START Available records

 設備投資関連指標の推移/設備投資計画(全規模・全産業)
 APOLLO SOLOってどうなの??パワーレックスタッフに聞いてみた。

END Available records
START Available records

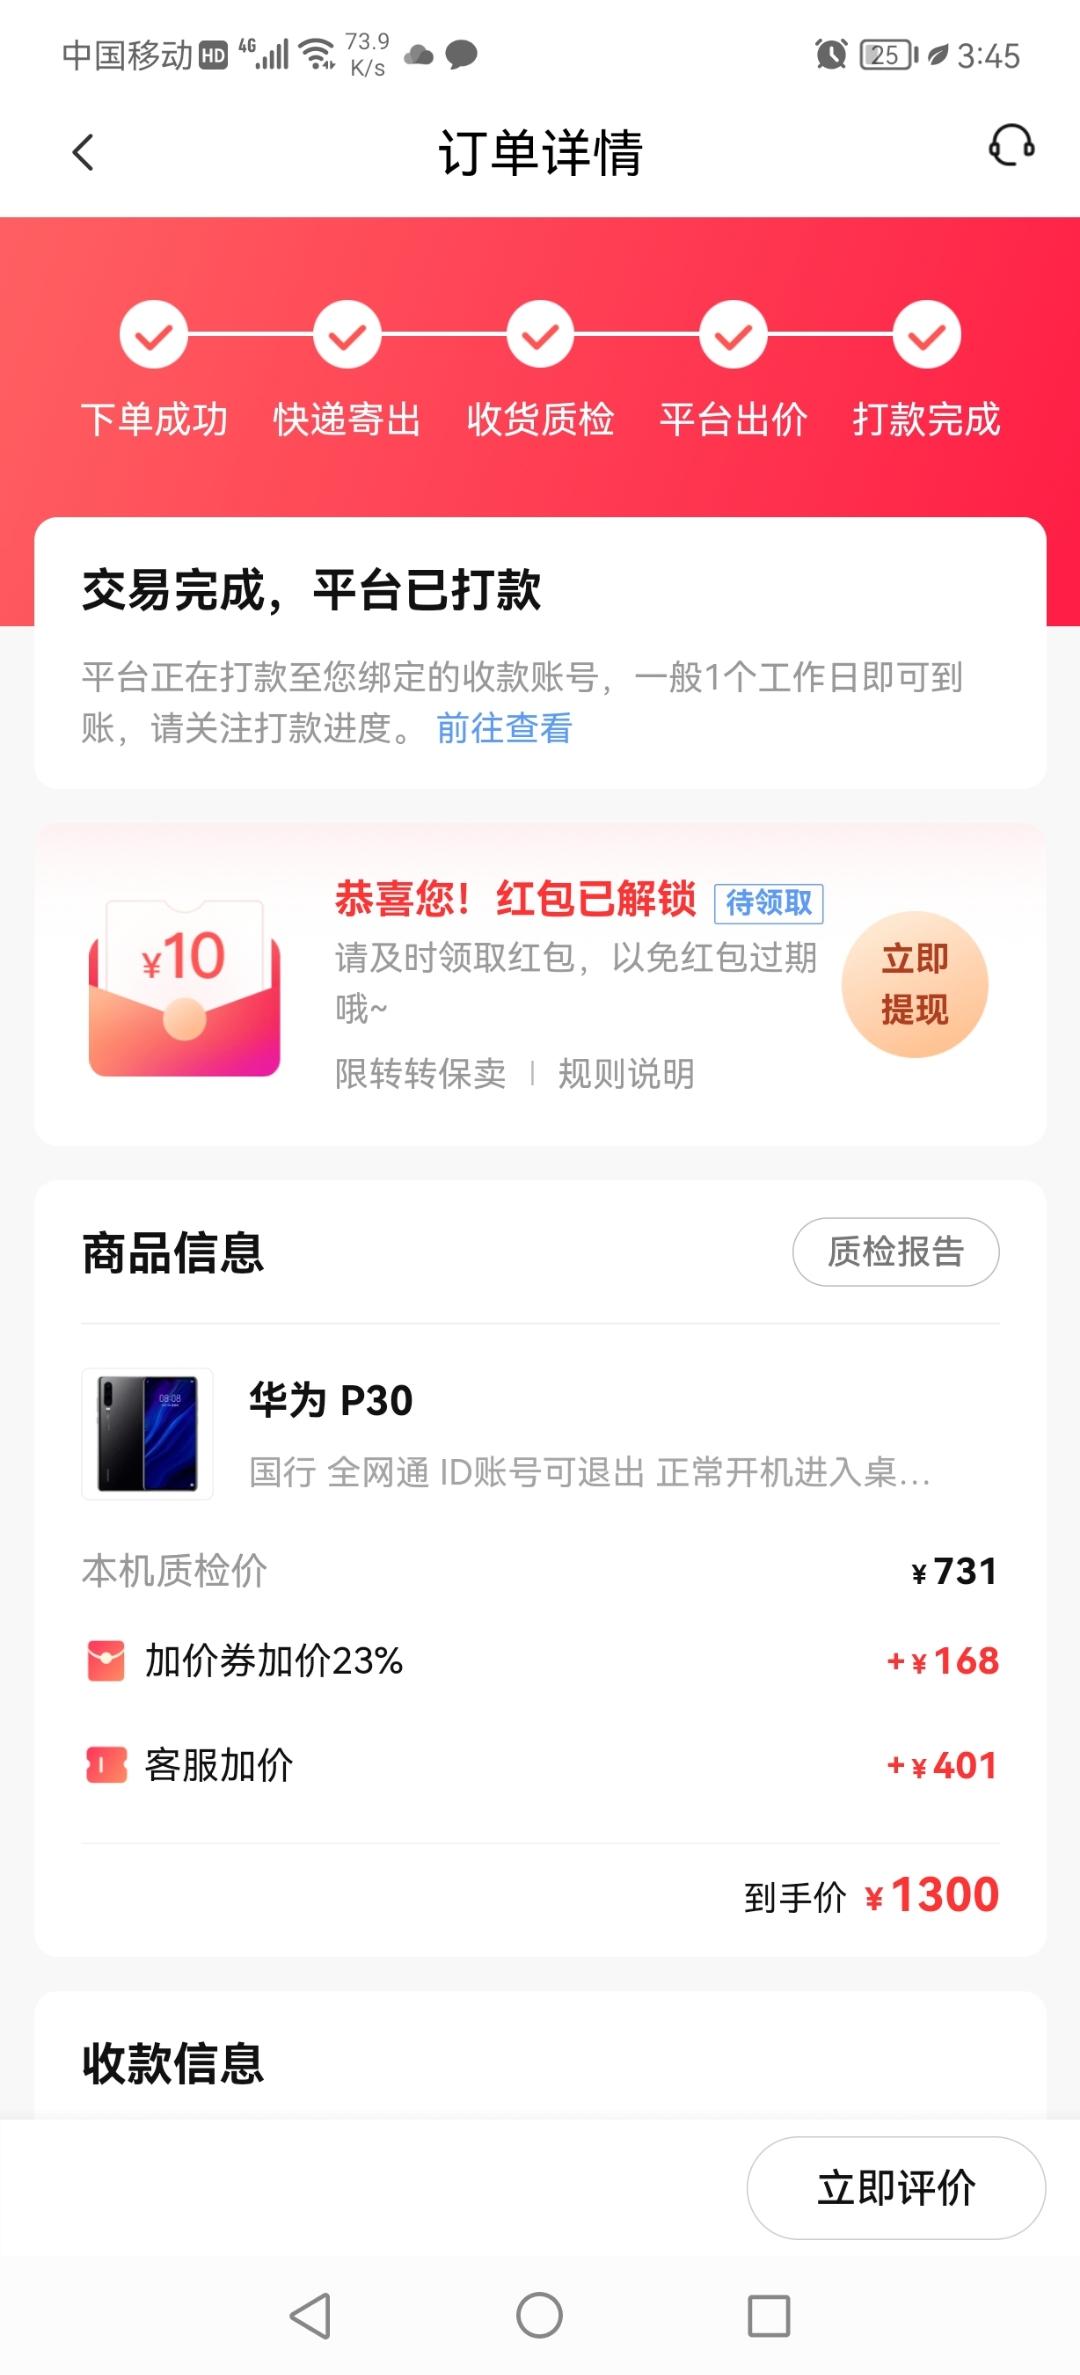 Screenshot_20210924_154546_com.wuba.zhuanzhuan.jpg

END Available records
START Available records

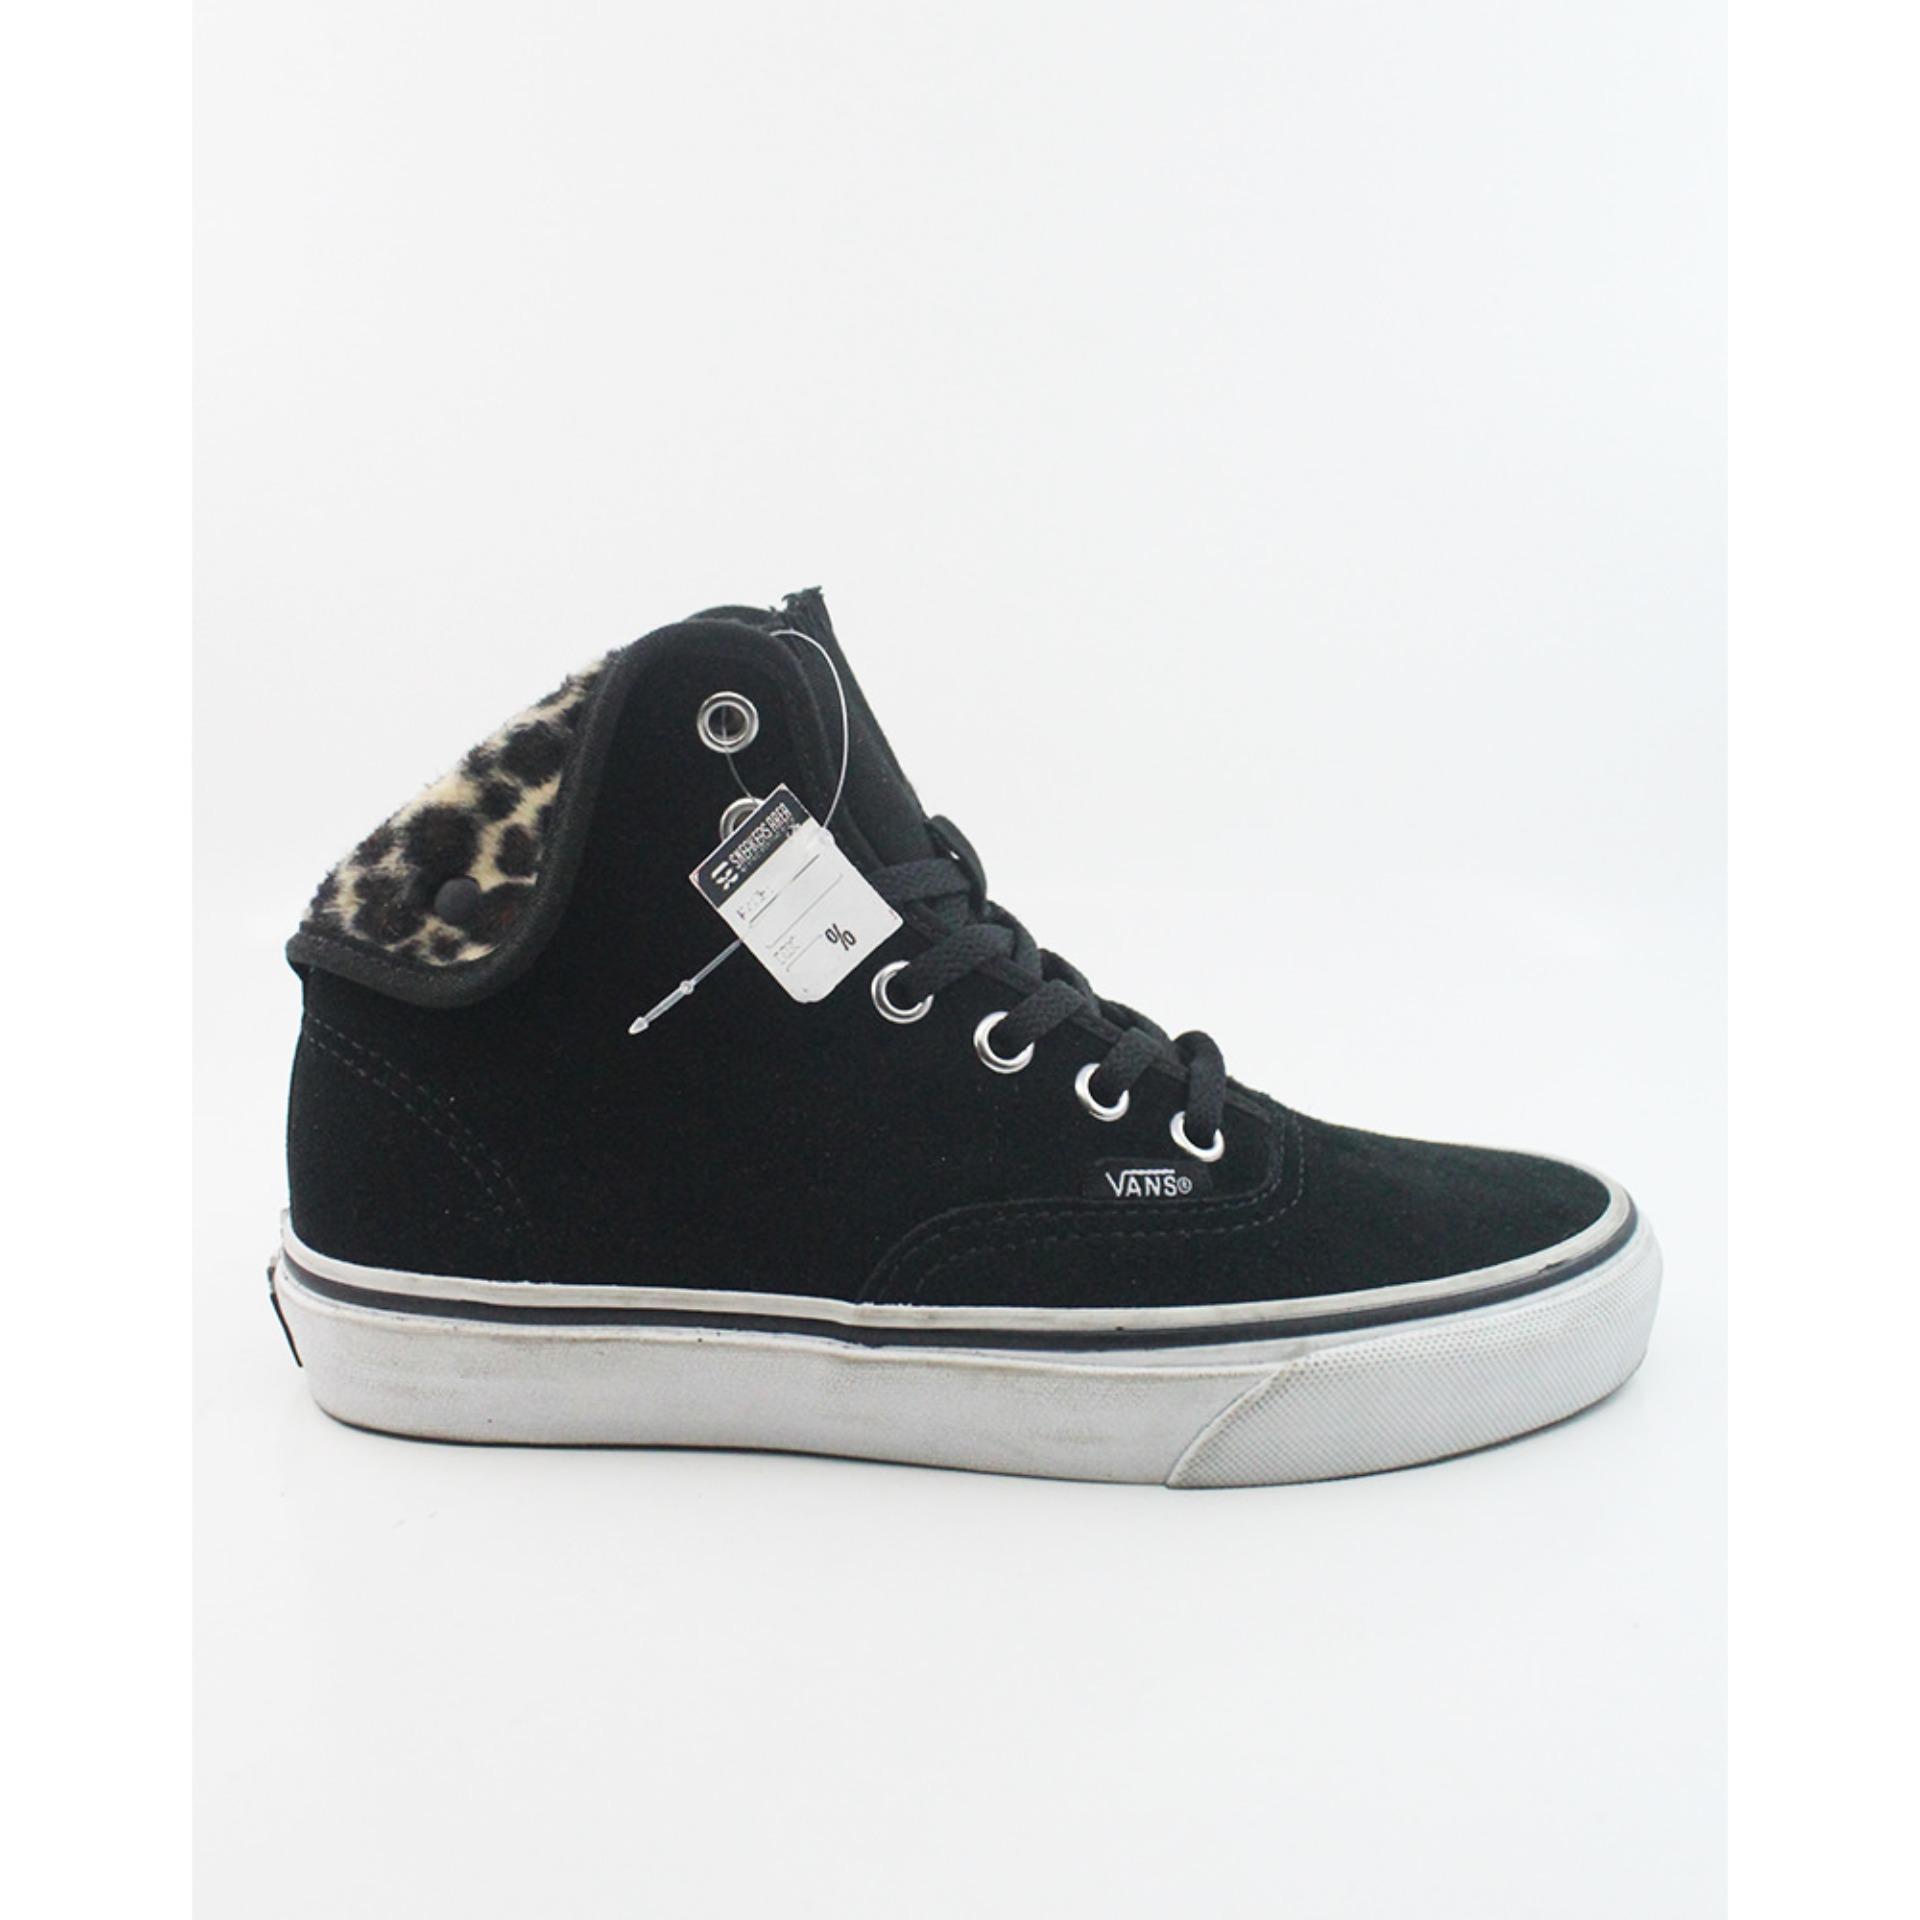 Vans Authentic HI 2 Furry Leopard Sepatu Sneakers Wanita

END Available records

Exercise details |
Copy exactly the stretch of data above from the line with "設備投資関連指標の推移/設備投資計画(全規模・全産業)" through the line with "APOLLO SOLOってどうなの??パワーレックスタッフに聞いてみた。", and omit all other lines.

Answer to the problem |
 設備投資関連指標の推移/設備投資計画(全規模・全産業)
 APOLLO SOLOってどうなの??パワーレックスタッフに聞いてみた。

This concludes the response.